“Deadline”. That’s a word each and every one of us dread. I can safely say that it is the one thing humans fear maybe even more than death. Yet deadlines continue to surround us from all sides. An important project due the next day, a report you kept pending for months, lying on your table unfinished. Deadlines are inevitable, and especially in this fast-paced, advanced world, keeping up deadlines can often mean the difference between life and death.
Everybody in the real world will agree that the moment a project is behind deadline, quality assurance tends to go out the window. So does that mean, deadlines actually lead to a decline in the way we go about our work? When a report or a project suddenly has a deadline, however far away it may be, does it change the way we look at it? Once again, it all depends on the perspective.
The ever enthusiastic optimist might argue, it doesn’t really make a difference. Or even if it does, it helps us go about it with more determination and effort, and it drives us to put in more effort into it. However the vast majority of us agree that once a deadline is set, completion of the work becomes so much important that we don’t even care about the quality of our work.
Therefore, we can say that they are just two sides of the same coin.

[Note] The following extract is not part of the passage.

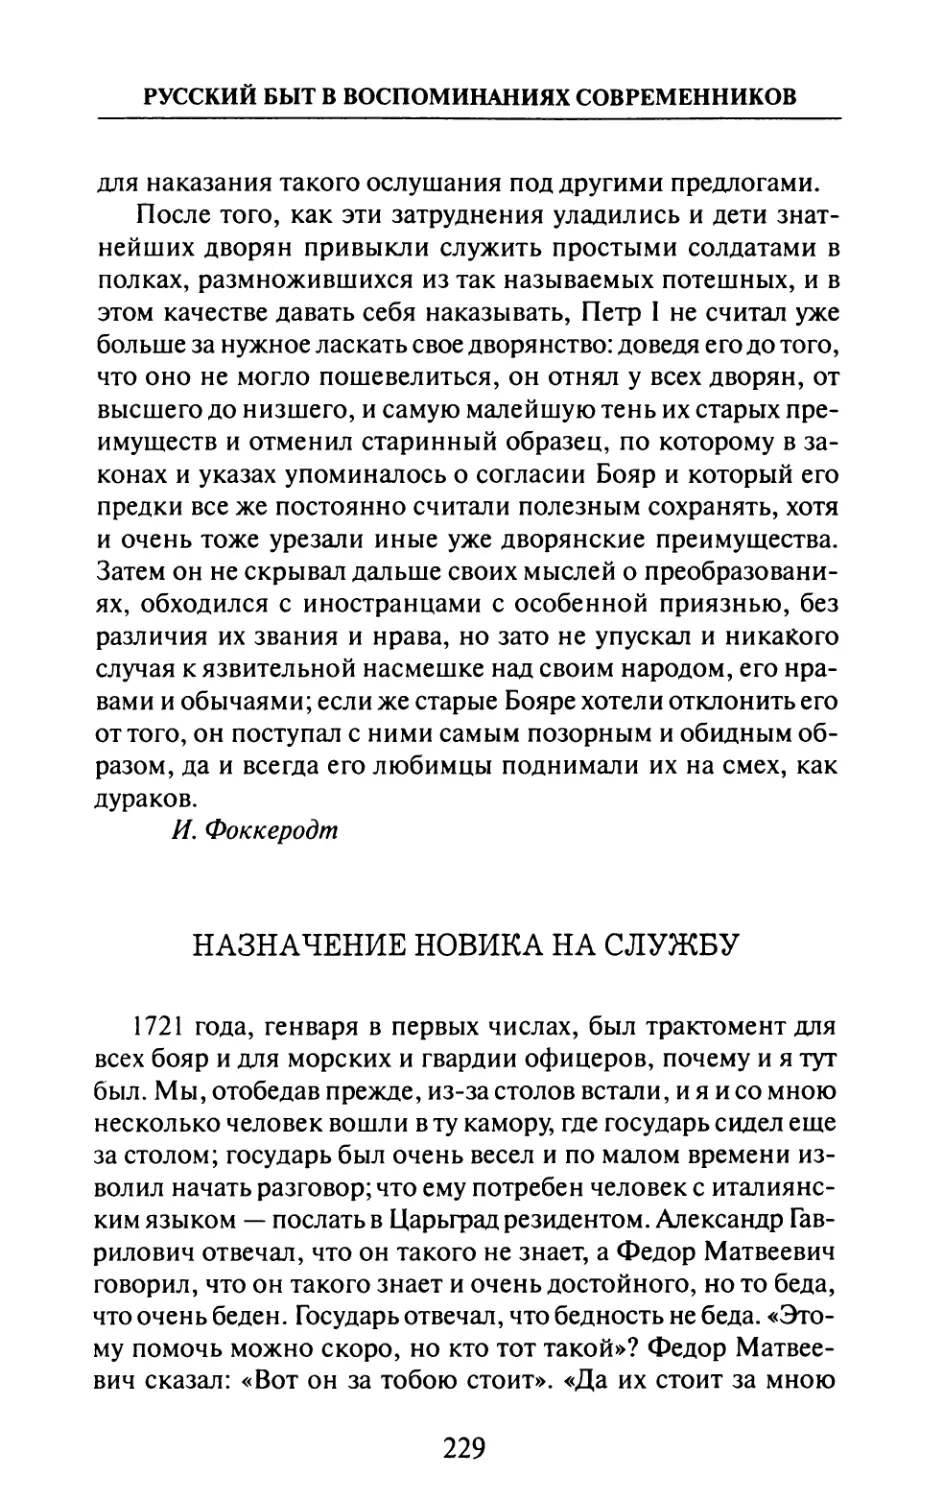 Назначение  новика  на  службу  —  И.  Неплюев.  «Записки»
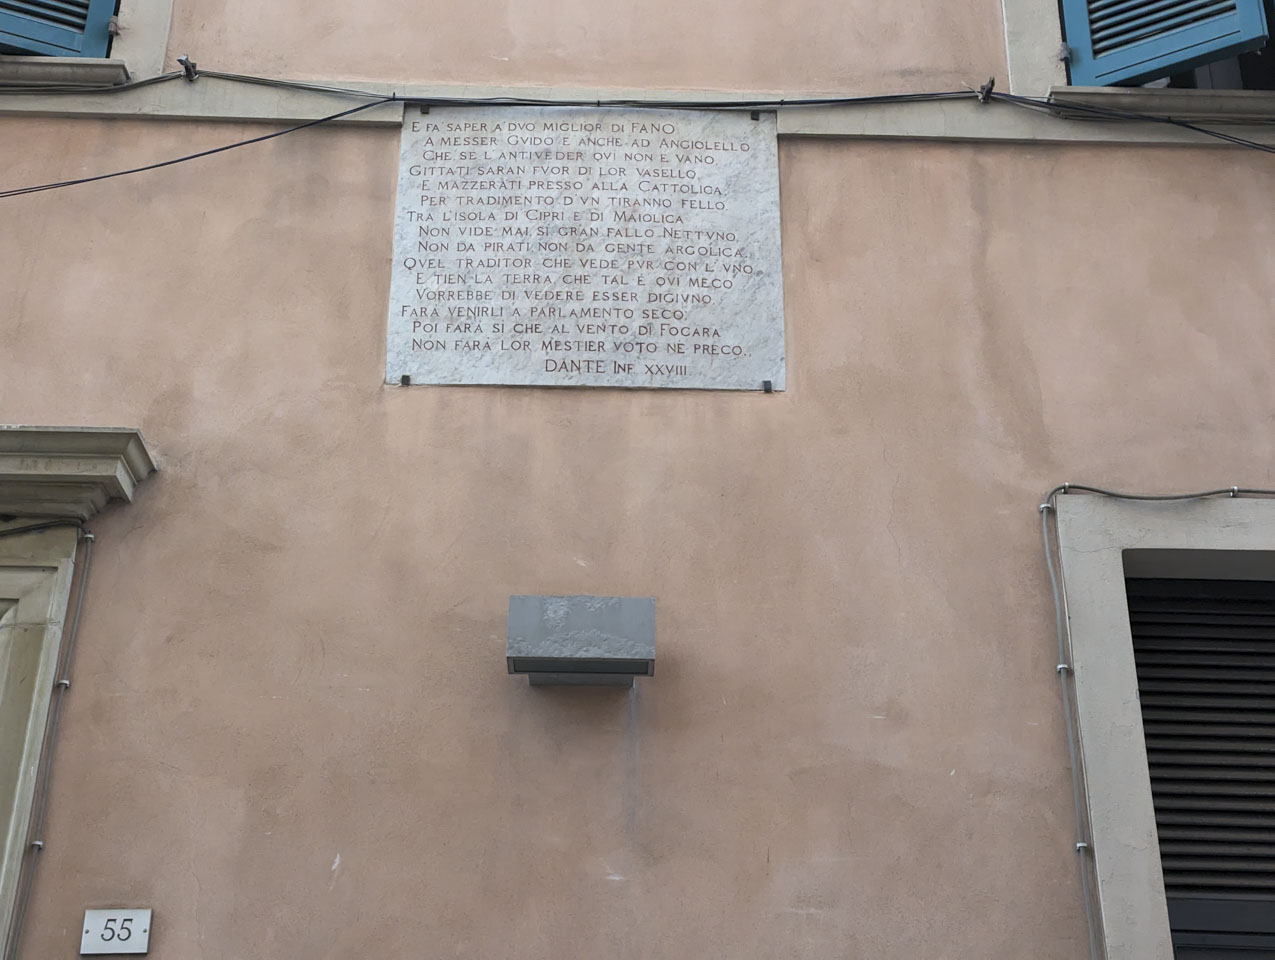 A plaque that quotes Dante

I think the “what-if” factor is what makes deadlines so deadly. Much like the fear of impending death scares people more than death itself, the days leading to a deadline are the most nerve-wracking and stressful. And this is when people tend to make mistakes and freak out. This is where the issue of procrastination comes in.
As aptly said by Christopher Parker, “procrastination is like a credit card: it’s a lot of fun until you get the bill.” And that bill is one no one will want to receive. It makes easy things hard and hard things harder. The key to avoiding the anxieties produced by deadline is setting realistic time schedules, enlisting help needed when deadlines go awry, and negotiating new deadlines when it becomes quite clear that, for one reason or the other, deadlines are going to be missed.
Another key factor is keeping calm. DON’T PANIC. I know it’s really tough to keep calm when your marks, job, or maybe even your life, depends on it. Breaking down of deadlines into a series of smaller deadlines will certainly help. I know it sounds weird, but each small deadline you meet gives you confidence and keeps you motivated for the big one. Before I end, I’ll leave you with some quotes about deadlines that will transform the way you look at them.
“Deadlines refine the mind. They remove variables like exotic materials and processes that take too long. The closer the deadline, the more likely you’ll start thinking way outside the box”
“The thing that would most improve my life is 27 hours in a day. I could meet all my deadlines.”
I’m sure you’d all agree with that last one.